Trillium govanianum
- Conservation status: Endangered (IUCN 3.1)

Scientific classification
- Kingdom: Plantae
- Clade: Embryophytes
- Clade: Tracheophytes
- Clade: Spermatophytes
- Clade: Angiosperms
- Clade: Monocots
- Order: Liliales
- Family: Melanthiaceae
- Genus: Trillium
- Species: T. govanianum
- Binomial name: Trillium govanianum Wall. ex D.Don
- Synonyms: Trillidium govanianum (Wall. ex D.Don) Kunth;

= Trillium govanianum =

- Genus: Trillium
- Species: govanianum
- Authority: Wall. ex D.Don
- Conservation status: EN
- Synonyms: Trillidium govanianum

Species of flowering plant

Trillium govanianum (Hindi name: nag chhatri) is a high-value medicinal herb belonging to the family Melanthiaceae and is mainly distributed from Pakistan to Bhutan between the altitudinal ranges of 2500–4000 metres above sea level across the Himalayan region. It is a native species of the Himalayas, usually preferring shady areas in the forest for its profuse growth.

The plant is a small herb and can be identified by its three leaves in one whorl at the summit of the stem and a solitary, purple flower in the centre. Leaves are broadly ovate, acute and conspicuously stalked.

Overexploitation and uprooting of this medicinal plant from natural habitat, to meet pharmaceutical industry demands has made the made a global threat to the population of nag chhatri with the small geographical niche. The rhizome part of T. govanianum has a high amount of steroidal saponins such as borassoside E and upon hydrolysis yield >2.5% diosgenin which is used for the preparation of steroidal and sex hormones.

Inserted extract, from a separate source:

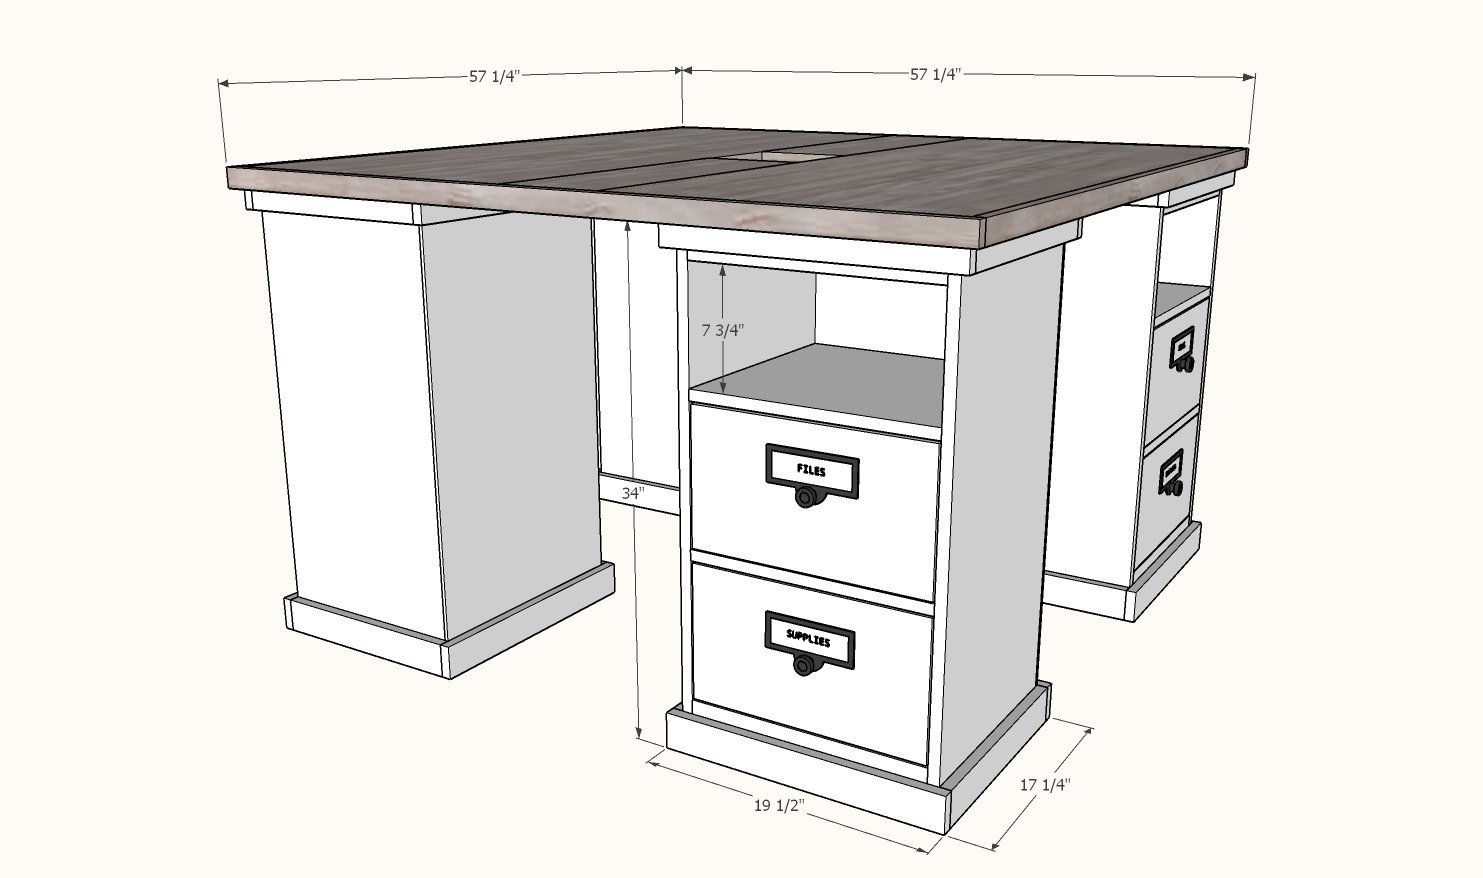 Dimensions for counter height desk pbteen mega desk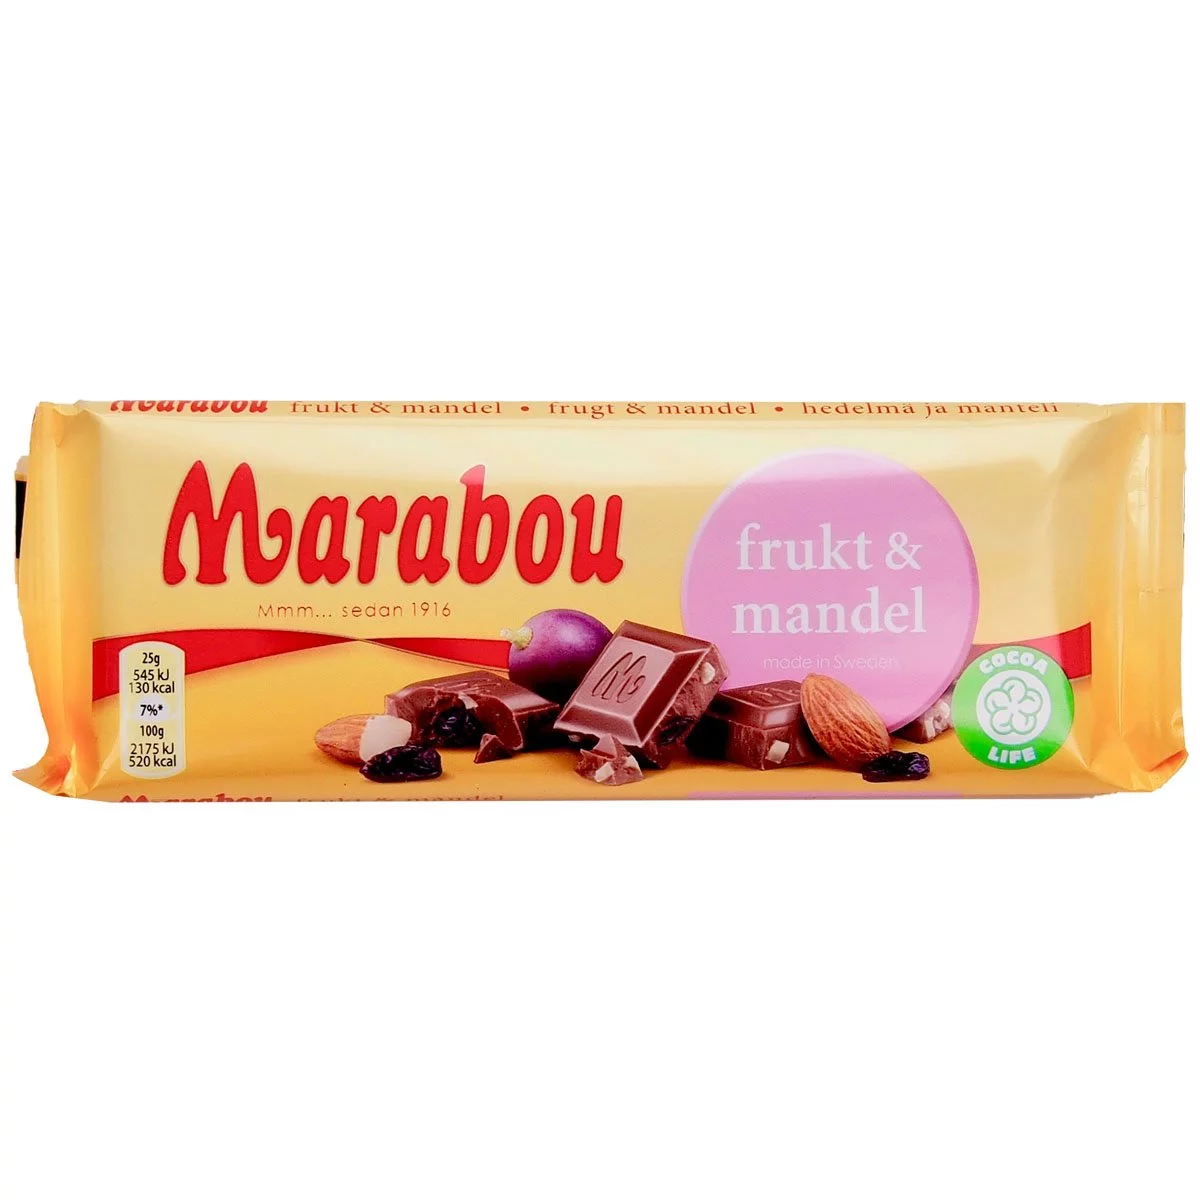 Marabou frukt & mandel (100g) *SONDERPREIS wegen kurzer Haltbarkeit* 1

Researchers from CSIR-IHBT, Palampur, India working on the T. govanianum to decipher its chemical constituents, genetic composition and vegetative propagation methods. Moreover, only 13 phytoconstituents were isolated from the rhizome part of T. govanianum, including 10 steroidal saponins, two phytoecdysteroids, and one trihydrylated fatty acid. Apart from that approximately, 24 steroidal saponins in parent extract and nine hydrophilic compounds in n-Hexane fraction were tentatively identified in T. govanianum by UPLC-ESI-MS/MS and GC/MS respectively. The extract Fractions and isolated steroidal saponins from T. govanianum have exhibited insecticidal, pro-diabetic enzymes inhibition, and anti-inflammatory activity.

The government of Himachal Pradesh, J&K, are taking crucial steps to stop the illegal trade of Trillium and there are also many police cases behind its large collection and transportation from one place to other.